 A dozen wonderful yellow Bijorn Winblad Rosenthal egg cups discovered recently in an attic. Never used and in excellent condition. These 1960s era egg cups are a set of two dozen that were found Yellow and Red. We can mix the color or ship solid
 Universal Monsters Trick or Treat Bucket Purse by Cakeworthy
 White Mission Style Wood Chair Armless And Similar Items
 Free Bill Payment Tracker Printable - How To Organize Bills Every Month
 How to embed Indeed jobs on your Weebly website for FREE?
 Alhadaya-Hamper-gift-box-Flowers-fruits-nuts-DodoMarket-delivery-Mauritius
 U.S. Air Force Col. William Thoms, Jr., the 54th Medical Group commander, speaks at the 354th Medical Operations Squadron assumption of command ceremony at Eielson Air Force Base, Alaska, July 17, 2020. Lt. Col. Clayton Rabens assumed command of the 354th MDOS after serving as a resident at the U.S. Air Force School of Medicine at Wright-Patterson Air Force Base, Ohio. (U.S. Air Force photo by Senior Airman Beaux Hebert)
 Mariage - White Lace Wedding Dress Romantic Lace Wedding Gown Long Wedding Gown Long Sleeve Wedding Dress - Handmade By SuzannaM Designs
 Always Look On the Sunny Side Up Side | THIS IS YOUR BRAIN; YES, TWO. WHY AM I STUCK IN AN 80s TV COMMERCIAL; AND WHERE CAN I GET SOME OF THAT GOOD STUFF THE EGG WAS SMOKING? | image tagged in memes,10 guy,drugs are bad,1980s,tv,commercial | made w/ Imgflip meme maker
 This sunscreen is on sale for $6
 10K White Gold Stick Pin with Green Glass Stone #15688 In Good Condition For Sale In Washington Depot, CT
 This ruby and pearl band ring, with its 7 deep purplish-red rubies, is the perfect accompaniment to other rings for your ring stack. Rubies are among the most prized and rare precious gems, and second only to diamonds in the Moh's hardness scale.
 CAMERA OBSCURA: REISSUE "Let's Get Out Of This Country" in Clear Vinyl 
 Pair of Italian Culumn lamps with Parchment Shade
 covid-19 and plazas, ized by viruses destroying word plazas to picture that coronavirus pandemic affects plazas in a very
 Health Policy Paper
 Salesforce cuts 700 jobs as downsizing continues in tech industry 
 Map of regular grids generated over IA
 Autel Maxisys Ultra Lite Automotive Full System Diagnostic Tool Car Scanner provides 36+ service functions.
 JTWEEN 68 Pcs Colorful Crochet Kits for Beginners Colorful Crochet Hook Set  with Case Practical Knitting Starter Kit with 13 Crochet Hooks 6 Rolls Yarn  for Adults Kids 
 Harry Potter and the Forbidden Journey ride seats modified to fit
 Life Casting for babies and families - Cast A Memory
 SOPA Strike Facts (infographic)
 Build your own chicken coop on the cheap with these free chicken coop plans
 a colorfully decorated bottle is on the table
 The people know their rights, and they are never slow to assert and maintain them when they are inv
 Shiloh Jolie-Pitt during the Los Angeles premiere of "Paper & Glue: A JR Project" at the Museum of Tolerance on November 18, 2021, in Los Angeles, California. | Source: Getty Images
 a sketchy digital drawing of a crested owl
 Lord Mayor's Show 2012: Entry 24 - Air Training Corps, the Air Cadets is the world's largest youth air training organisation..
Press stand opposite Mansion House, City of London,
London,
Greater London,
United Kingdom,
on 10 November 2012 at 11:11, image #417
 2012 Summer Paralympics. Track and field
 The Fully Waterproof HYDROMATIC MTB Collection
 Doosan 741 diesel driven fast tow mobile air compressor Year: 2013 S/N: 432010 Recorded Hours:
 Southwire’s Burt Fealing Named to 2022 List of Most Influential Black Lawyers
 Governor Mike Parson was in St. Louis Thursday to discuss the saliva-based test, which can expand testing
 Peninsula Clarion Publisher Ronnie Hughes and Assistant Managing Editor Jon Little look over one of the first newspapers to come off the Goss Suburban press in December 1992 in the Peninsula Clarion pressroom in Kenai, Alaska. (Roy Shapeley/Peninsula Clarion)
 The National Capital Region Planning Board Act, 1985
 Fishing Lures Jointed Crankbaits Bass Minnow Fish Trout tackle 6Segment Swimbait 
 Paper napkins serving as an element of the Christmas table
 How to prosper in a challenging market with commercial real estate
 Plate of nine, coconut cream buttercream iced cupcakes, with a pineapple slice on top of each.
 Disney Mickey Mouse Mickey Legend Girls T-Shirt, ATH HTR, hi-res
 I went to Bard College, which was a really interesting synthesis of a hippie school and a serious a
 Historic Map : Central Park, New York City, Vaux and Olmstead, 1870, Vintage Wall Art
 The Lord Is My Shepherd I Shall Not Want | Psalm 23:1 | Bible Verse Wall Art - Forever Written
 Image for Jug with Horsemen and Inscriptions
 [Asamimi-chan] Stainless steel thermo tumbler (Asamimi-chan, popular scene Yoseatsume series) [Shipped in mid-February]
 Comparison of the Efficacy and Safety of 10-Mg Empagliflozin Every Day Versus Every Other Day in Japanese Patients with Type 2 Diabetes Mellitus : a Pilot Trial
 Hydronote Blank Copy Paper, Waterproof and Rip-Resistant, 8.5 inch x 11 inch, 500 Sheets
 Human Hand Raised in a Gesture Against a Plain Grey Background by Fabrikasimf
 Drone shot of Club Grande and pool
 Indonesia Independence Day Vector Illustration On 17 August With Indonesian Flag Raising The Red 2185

◆ **YOUR ASSIGNMENT**: Lines holding "White": copy each one from the records above.

◆ **RESULT OF THE TASK**:
 White Mission Style Wood Chair Armless And Similar Items
 Mariage - White Lace Wedding Dress Romantic Lace Wedding Gown Long Wedding Gown Long Sleeve Wedding Dress - Handmade By SuzannaM Designs
 10K White Gold Stick Pin with Green Glass Stone #15688 In Good Condition For Sale In Washington Depot, CT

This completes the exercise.